Ainsi, le vote n’a pu avoir lieu dans 25 circonscriptions (sur 291 au total – 290 à laquelle s’ajoute la circonscription de la diaspora), représentant quelque 9% du corps électoral. La Commission avait déjà tenté d’organiser à nouveau le scrutin samedi dans ces circonscriptions, avant d’y renoncer in extremis, estimant que la sécurité de son personnel n’y était pas garantie.
Le pays de 48 millions d’habitants attend depuis de savoir si la Commission va tenter une nouvelle fois de conduire la présidentielle dans l’ouest, ou si elle y renonce, ouvrant alors la voie à une proclamation rapide des résultats. Selon la loi électorale, les résultats doivent être annoncés dans les 7 jours suivant l’élection, soit d’ici jeudi à minuit.

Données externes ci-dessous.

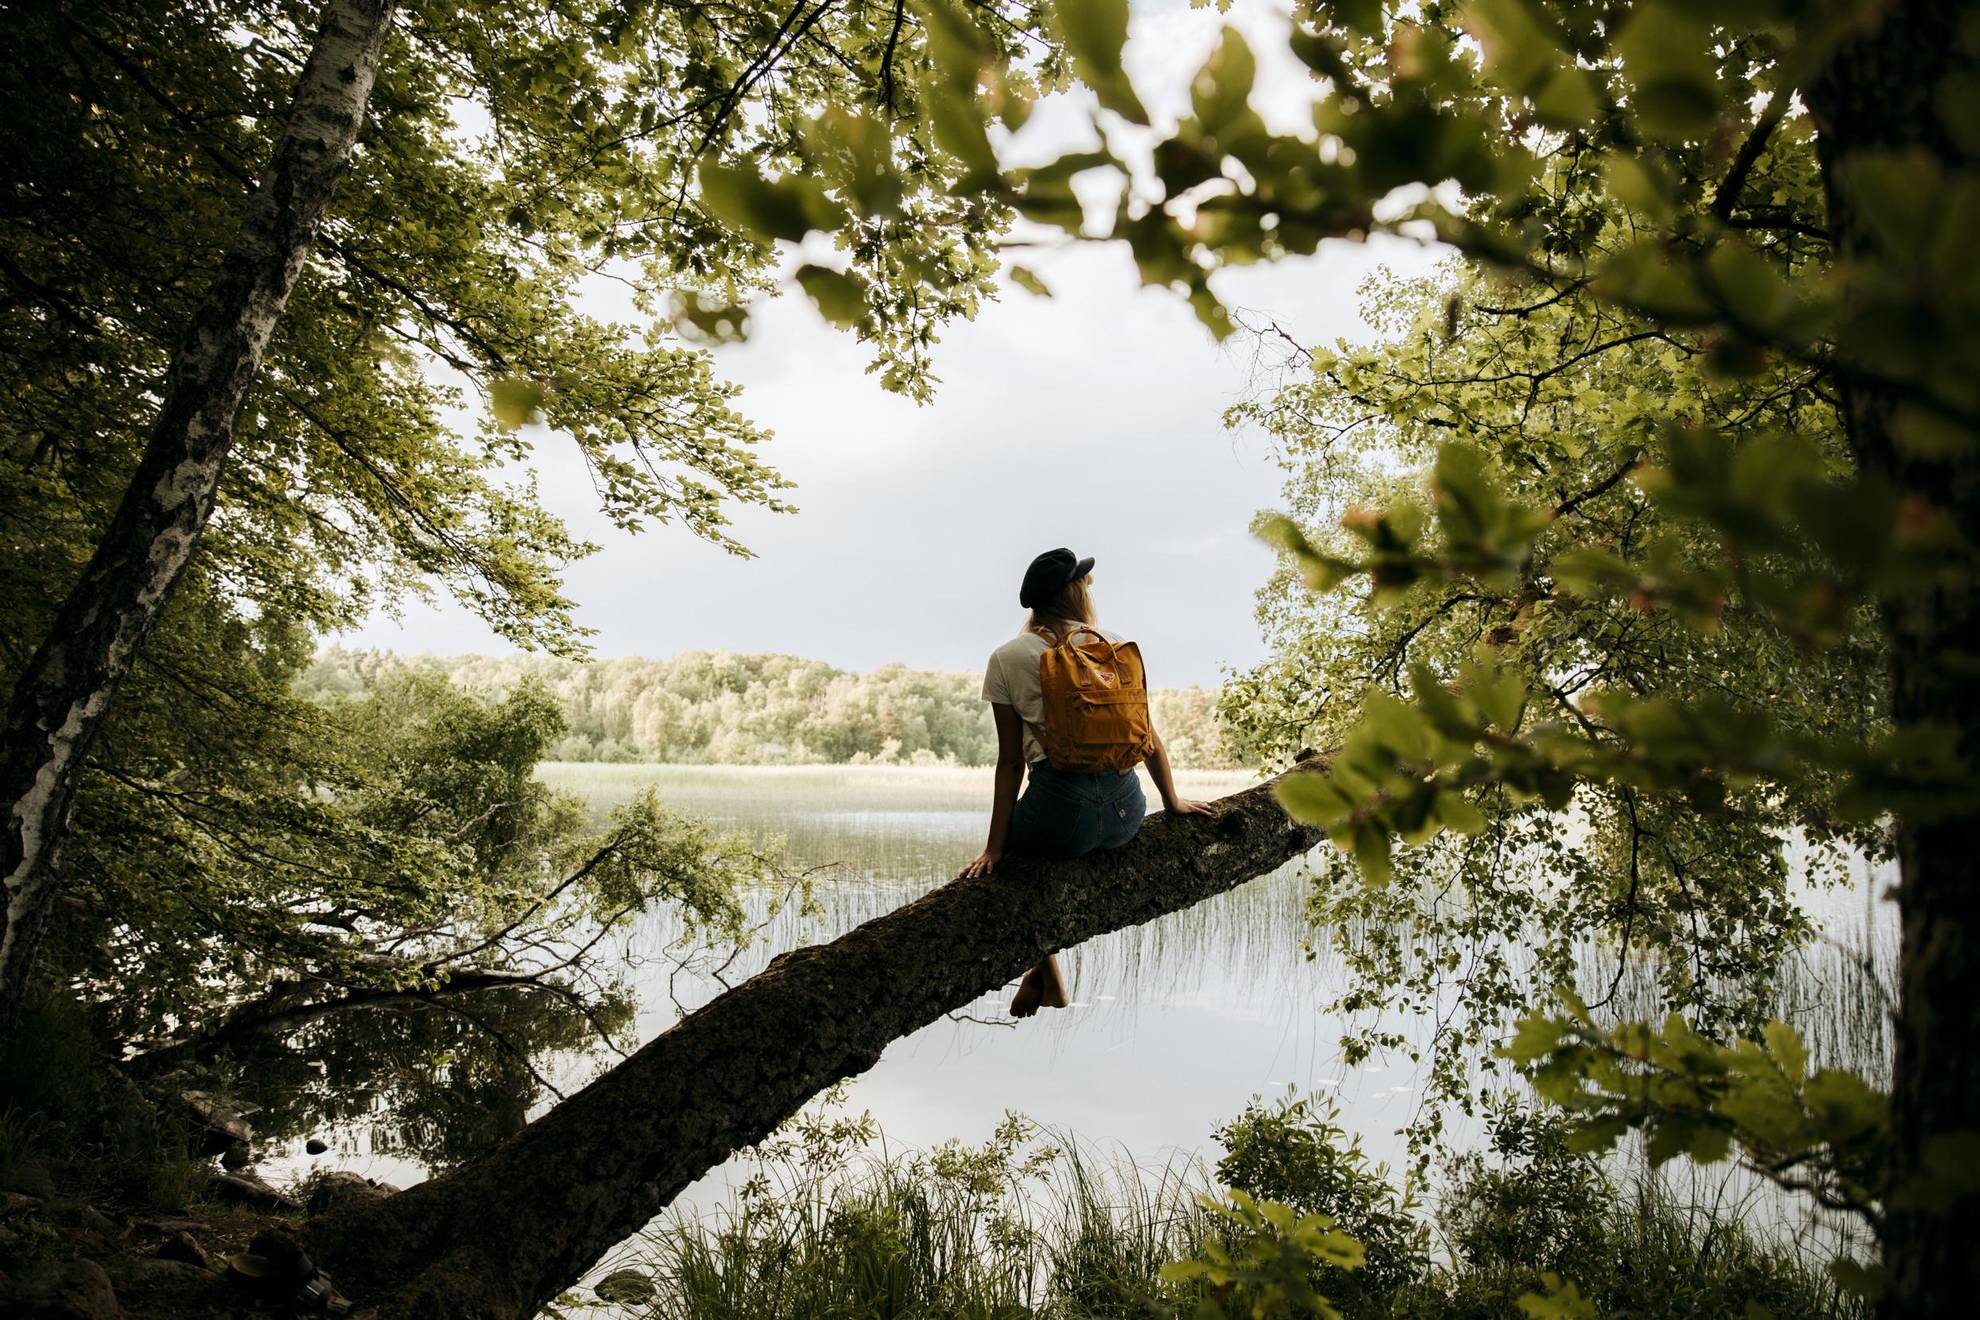 A person with a backpack sits on a three looking at a lake.

Cette crise politique, la pire depuis dix ans dans ce pays d’Afrique de l’Est, a déjà durement affecté l’économie la plus dynamique de la région et épuisé les Kényans, qui aspirent à reprendre une vie normale.
Le scrutin de jeudi avait été organisé après un coup de théâtre, inédit en Afrique: l’annulation le 1er septembre par la justice de la présidentielle du 8 août, à l’issue de laquelle M. Kenyatta, 56 ans, avait été proclamé vainqueur face au chef de l’opposition Raila Odinga.

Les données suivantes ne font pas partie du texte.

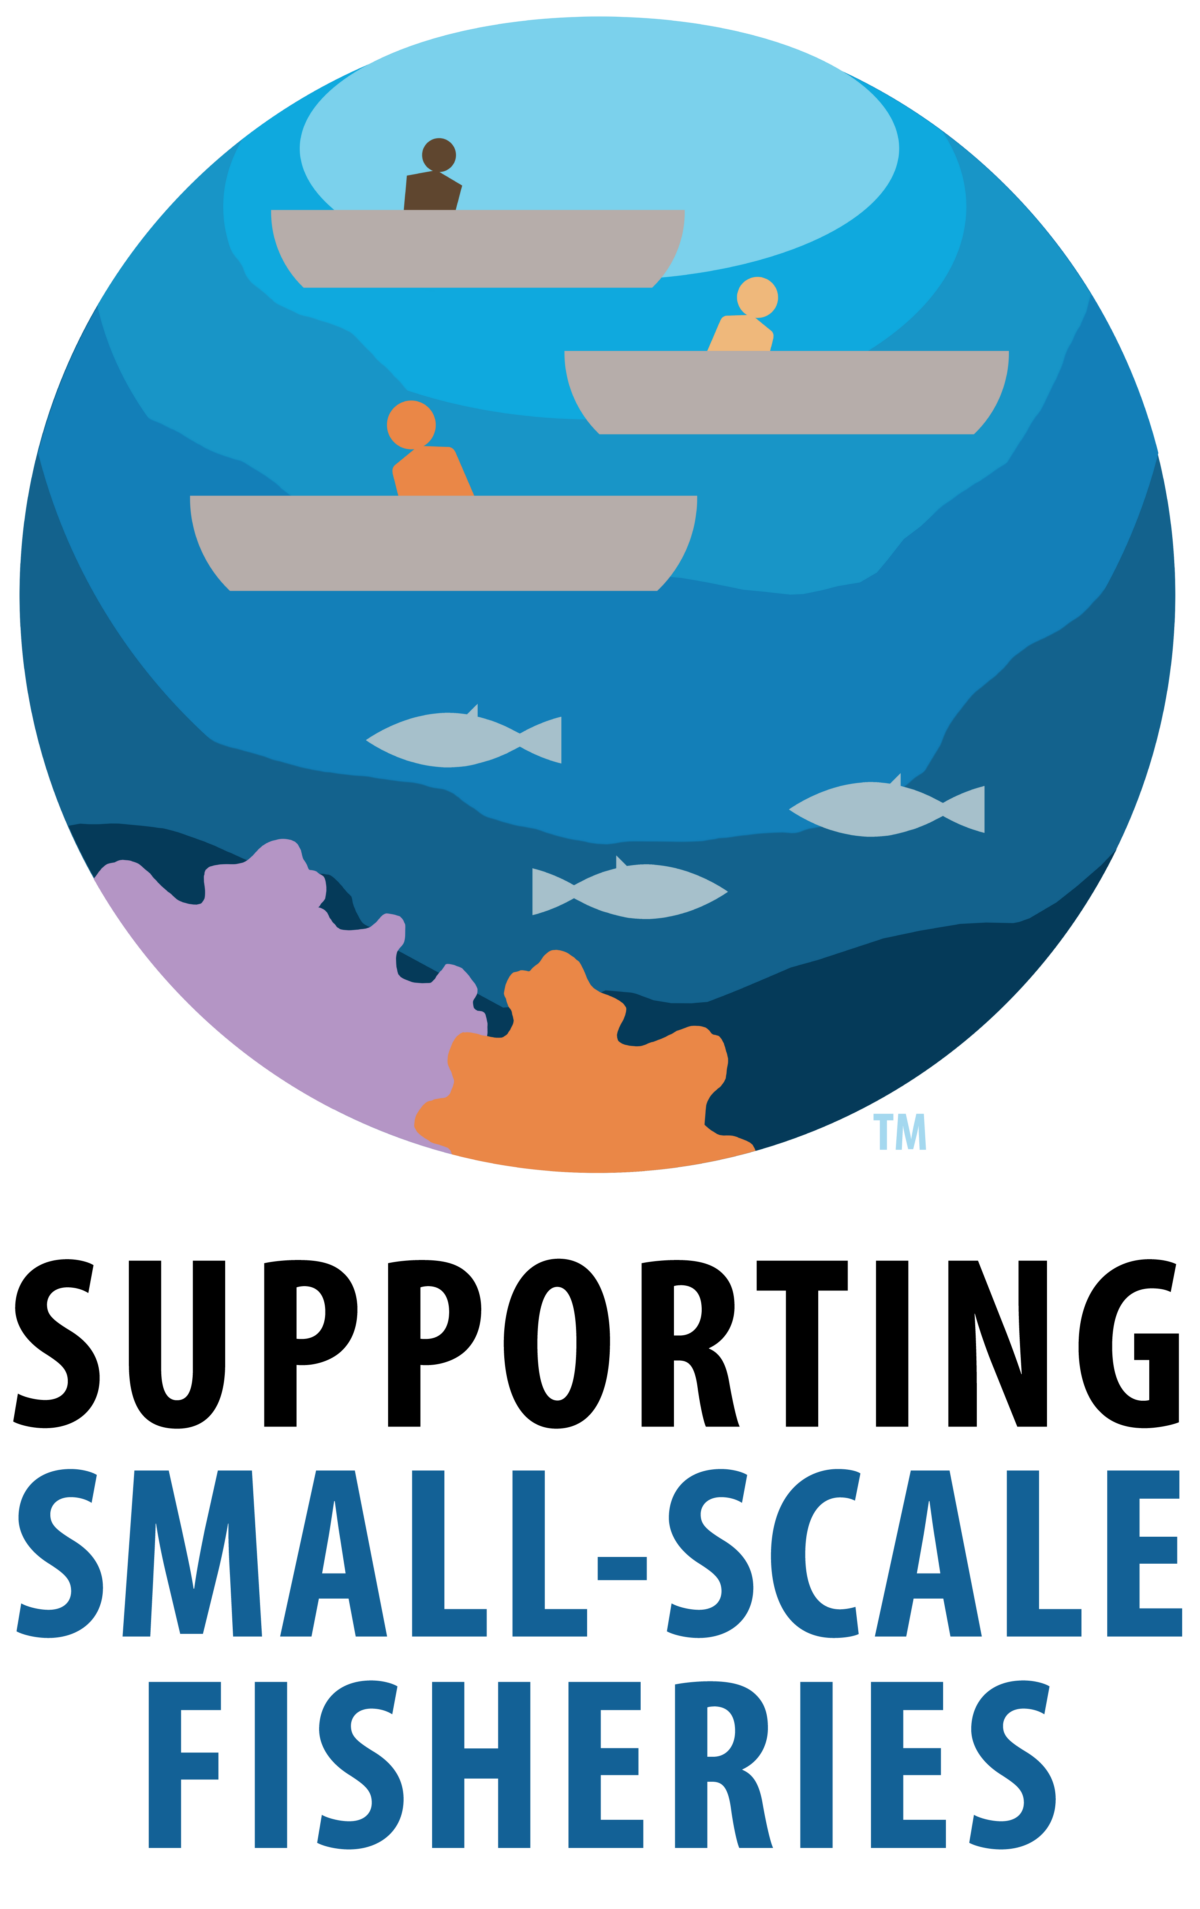 Small-scale fisheries logo

M. Odinga, 72 ans et trois fois candidat malheureux à la présidence (1997, 2007, 2013), avait fait pression pour obtenir une réforme de cette Commission, mais l’opposition a jugé insuffisants les changements récemment mis en oeuvre et appelé au boycott de la nouvelle élection tenue jeudi.
M. Odinga, qui a lancé cette semaine une campagne de « désobéissance civile », afin de contraindre le pouvoir en place à accepter l’organisation d’une nouvelle élection dans les 90 jours, a prévu de s’exprimer lundi pour annoncer la « marche à suivre » à ses partisans.
Mais le vice-président William Ruto a une nouvelle fois rejeté toute idée d’organiser un nouveau scrutin. « Il n’y aura pas d’élection dans 90 jours, il n’y aura pas de discussion sur des questions relatives aux élections », a-t-il martelé dimanche.
Le Kenya est plongé dans sa pire crise électorale depuis dix ans. Le scrutin de jeudi a été organisé après un coup de théâtre, inédit en Afrique: l’annulation le 1er septembre par la justice de l’élection du 8 août, à l’issue de laquelle M. Kenyatta avait été proclamé vainqueur face à M. Odinga.
La Cour suprême avait justifié cette décision par des irrégularités dans la transmission des résultats, faisant peser la responsabilité de ce scrutin « ni transparent, ni vérifiable » sur la Commission électorale.